According to Tamilnadu Spinning Mills Association (TASMA), over the past several months, bank interest rates have gradually risen from 7.75 per cent to 10.75 per cent, increasing the cost of yarn production by Rs 5 to Rs 6 per kg. The recent hike in Tamil Nadu electricity tariffs, current consumption charges, maximum demand charges, peak-hour charges and other indirect charges have added to the woes of the units, which are now seeking relief from the Central Government.
The industry body said that due to the sustained demand recession during the past three years, first due to the Covid pandemic and now due to the ongoing Russia-Ukraine war, though Indian units have all the capability to run their plants uninterrupted, they are unable to achieve full efficiency. Most units are working only at 25-30 per cent capacity levels. Due to this, companies are unable to repay their term loans in time and their working capital has also eroded.
“Hence, a general restructuring scheme may be announced with policy approval by the Reserve Bank of India, so that all banks take up restructuring of the accounts of the units immediately to prevent them from becoming NPAs. This is the need of the hour and must be taken up urgently,” said K Venkatachalam, chief advisor, TASMA.
During Covid, the Government of India provided short-term loans under the Emergency Credit Line Guarantee Scheme (ECLGS) to revive the industry. Entrepreneurs who availed these loans have used them to tide over the crisis and to repay bank dues, electricity charges, labour wages, etc. Repayment of the ECLGS loans, which has started, has become an additional burden for spinning mills. This also raised the cost of production by Rs 5 per kg, TASMA said. The industry body wants a six-month holiday and a seven-year repayment period at a lower rate of interest.

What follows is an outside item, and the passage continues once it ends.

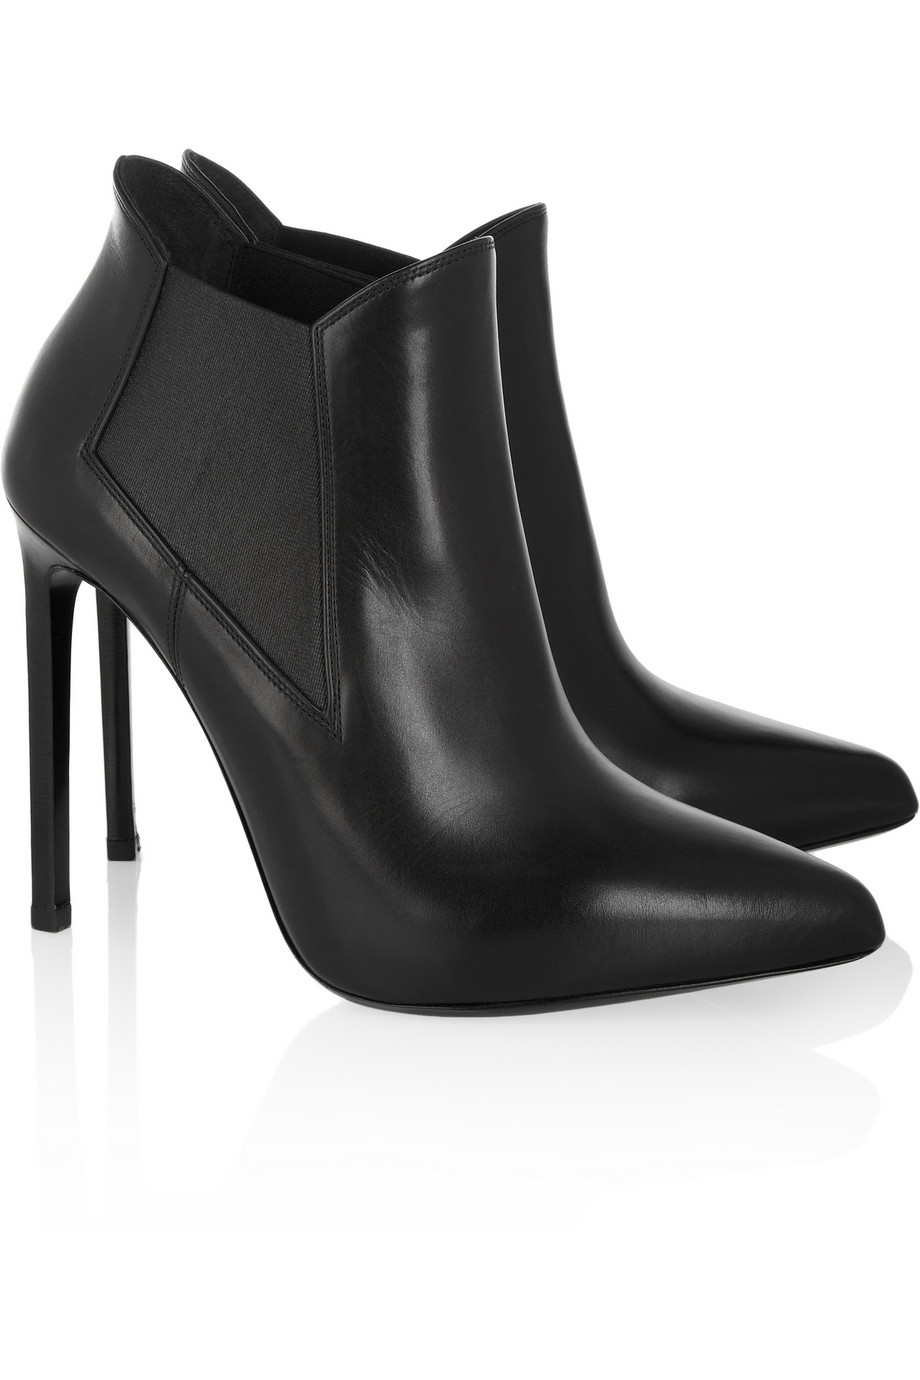 saint-laurent-leather-ankle-boots-pic127136

The cost of production has increased due to a spike in the cost of machinery, spares and electrical items, migration of labour and other indirect costs. Other than ECLGS restructuring, other appeals to the government by the industry include immediate reduction in the interest rates charged by banks to the previous level of 7.75 per cent.
“Considering the slowdown in the spinning industry, we request the government to extend the term loan with a two-year moratorium and restructure the existing term loan as given in the past. The Centre can take appropriate measures to promote the export of yarn and fabrics and take steps to monitor and prevent their import,” it added.